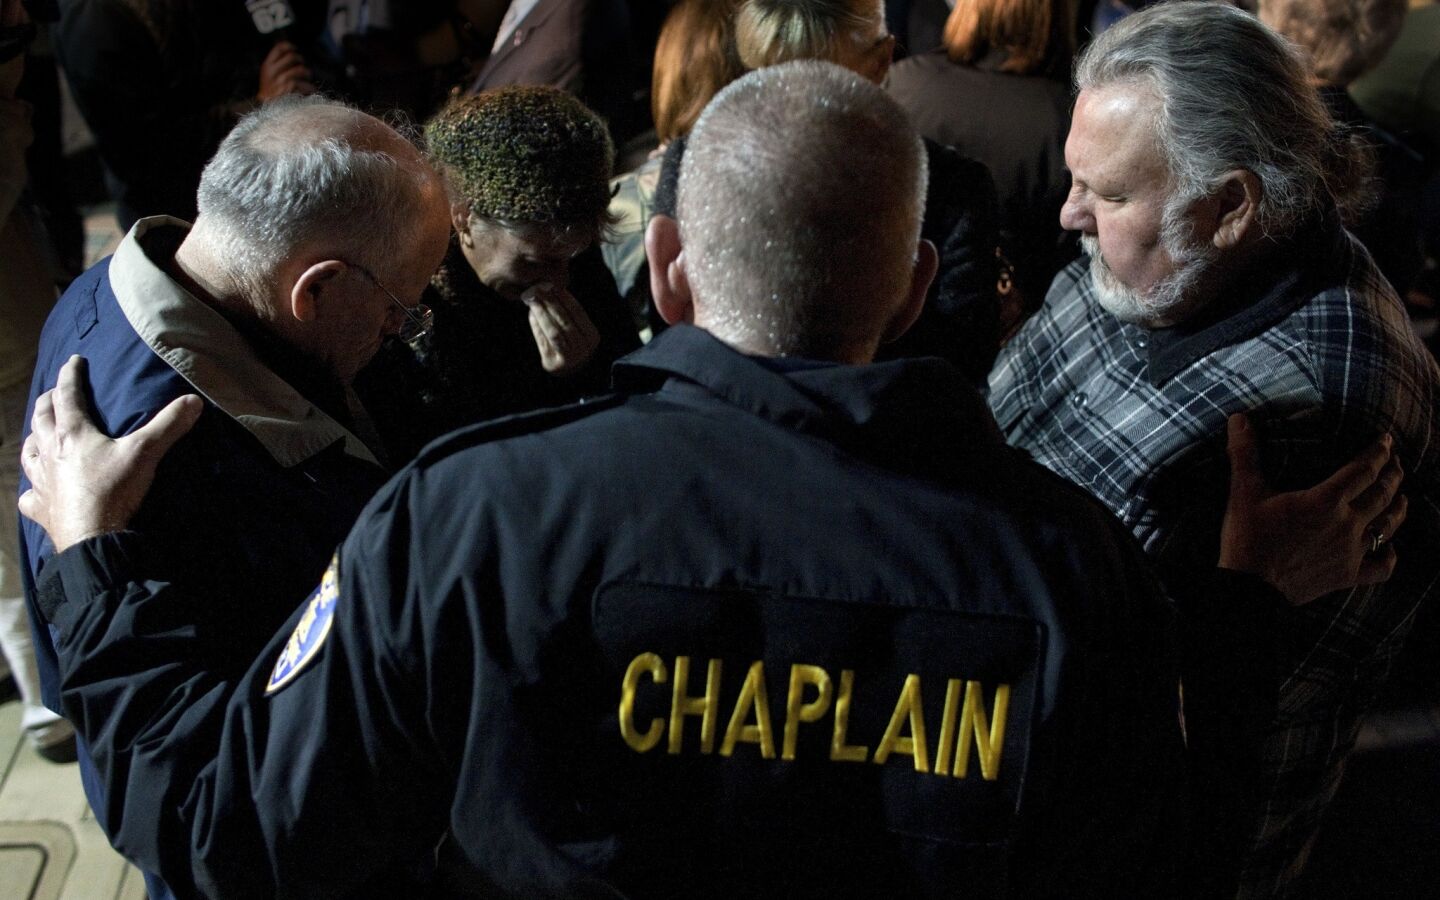 Riverside Police Chaplain Steve Ballinger comforts residents during a vigil at City Hall for the slain and wounded Riverside police officers.
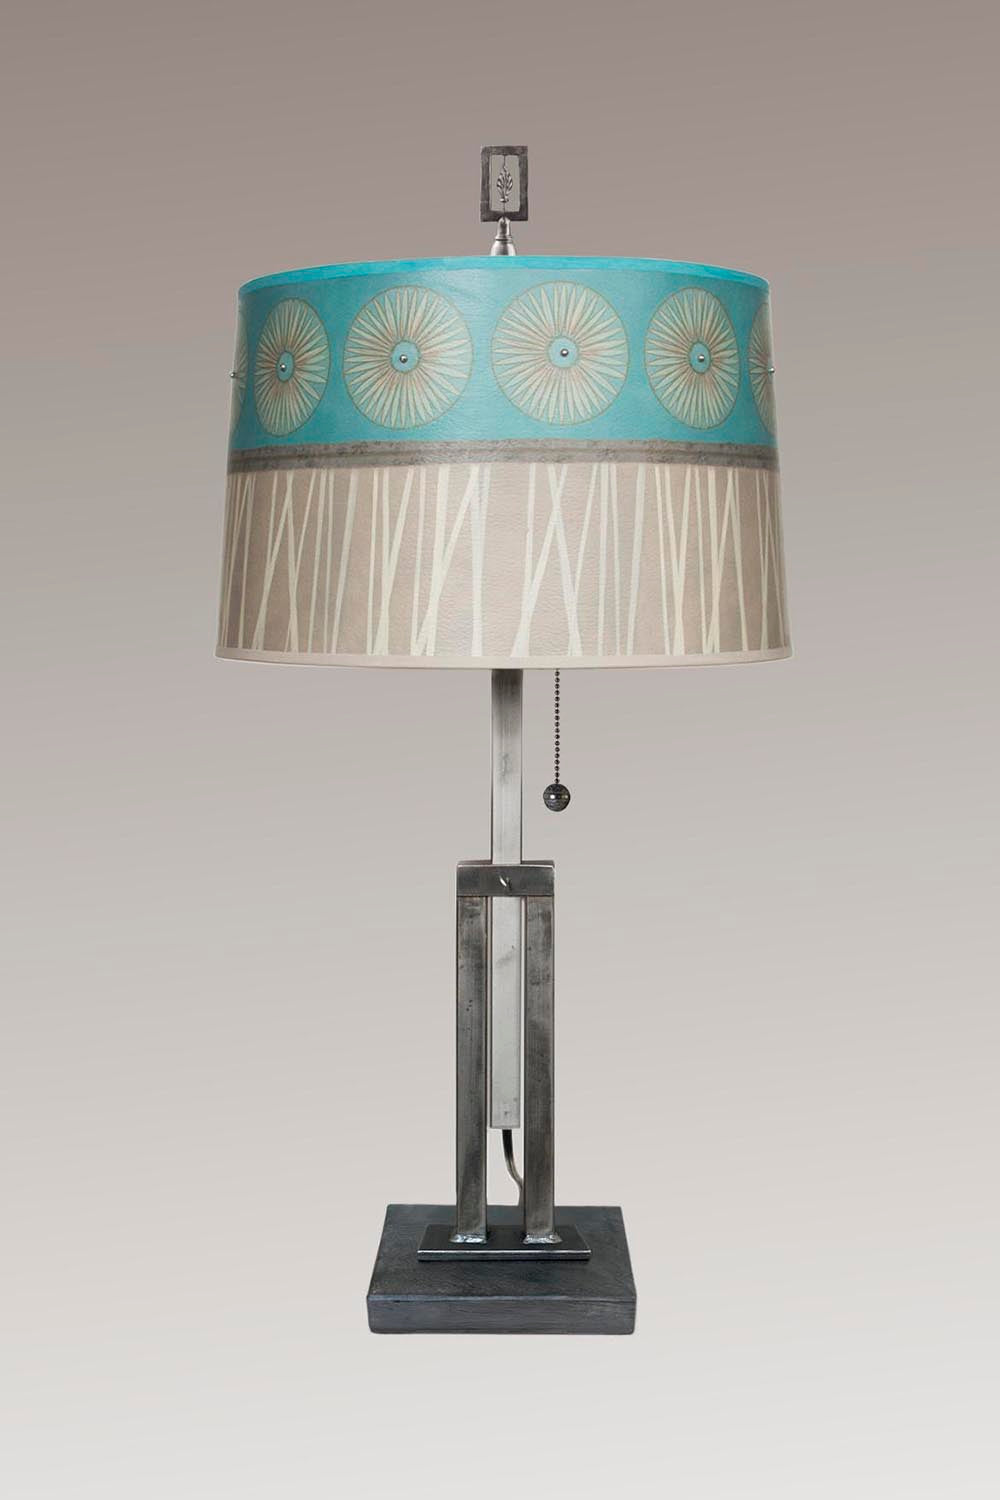 Janna Ugone & Co Table Lamps Adjustable-Height Steel Table Lamp with Large Drum Shade in Pool
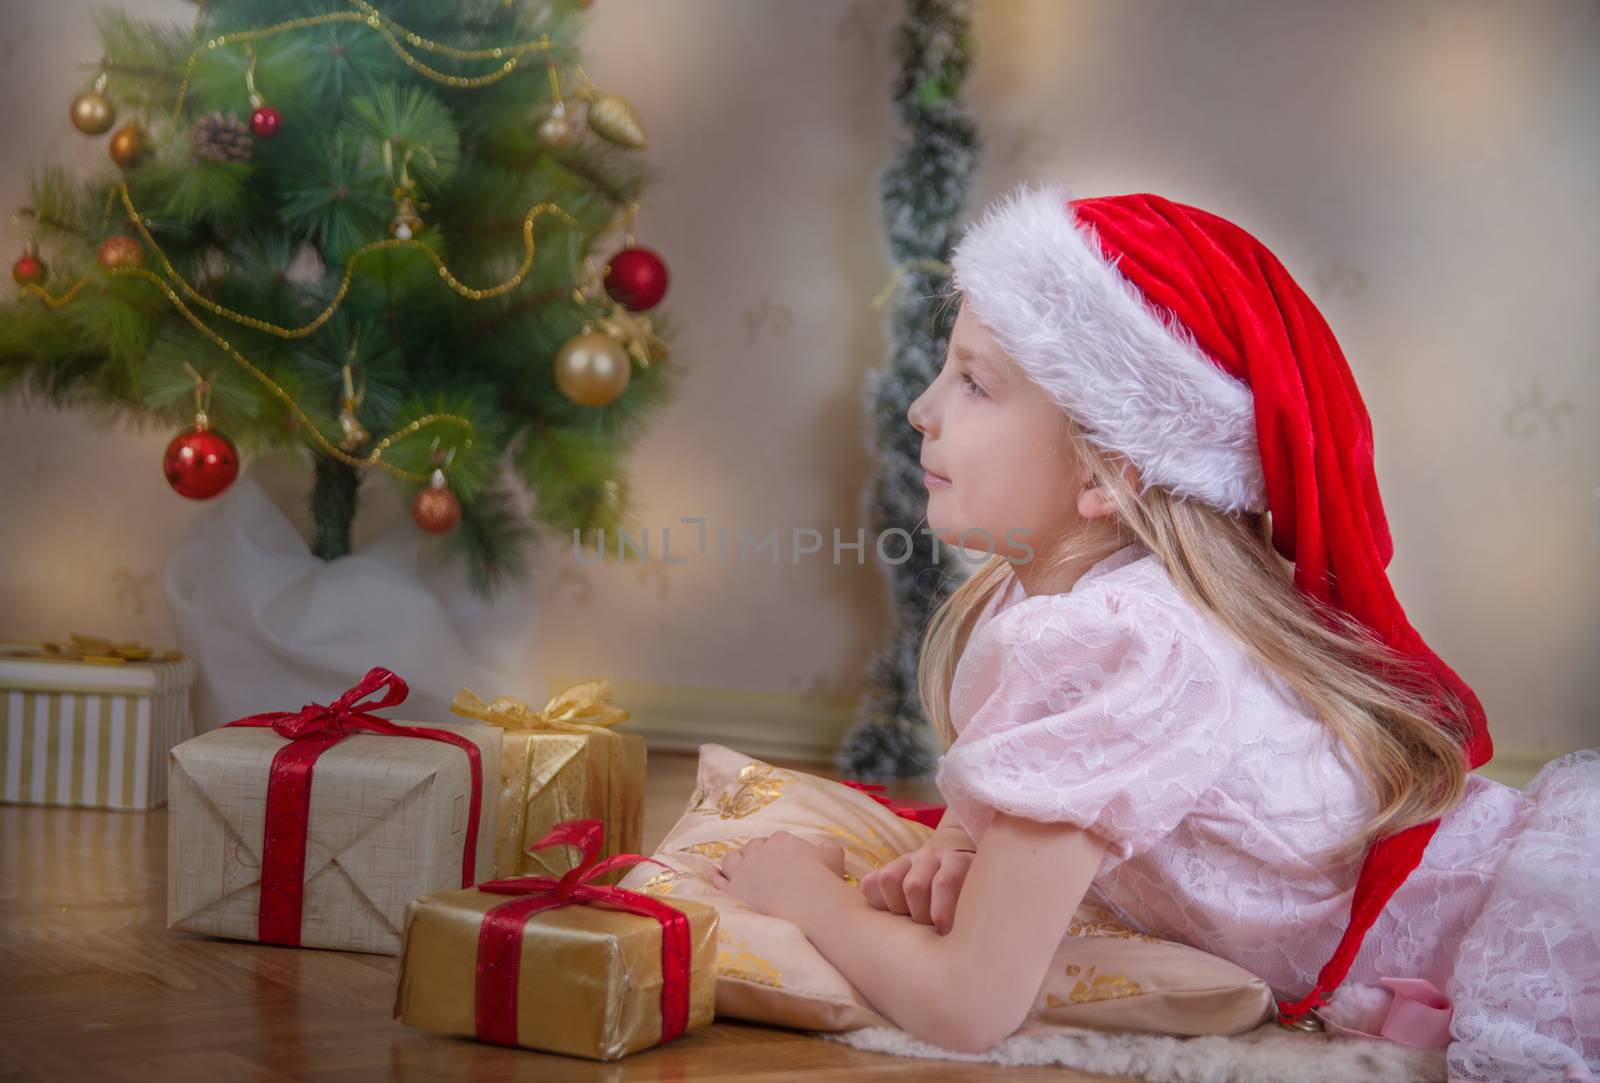 Girl in Santa hat dreaming under Christmas tree by Angel_a

* What to work on *
All the material shown above is to be copied exactly, with no pictures carried over.

* Answer to this task *
 Riverside Police Chaplain Steve Ballinger comforts residents during a vigil at City Hall for the slain and wounded Riverside police officers.
 Janna Ugone & Co Table Lamps Adjustable-Height Steel Table Lamp with Large Drum Shade in Pool
 Girl in Santa hat dreaming under Christmas tree by Angel_a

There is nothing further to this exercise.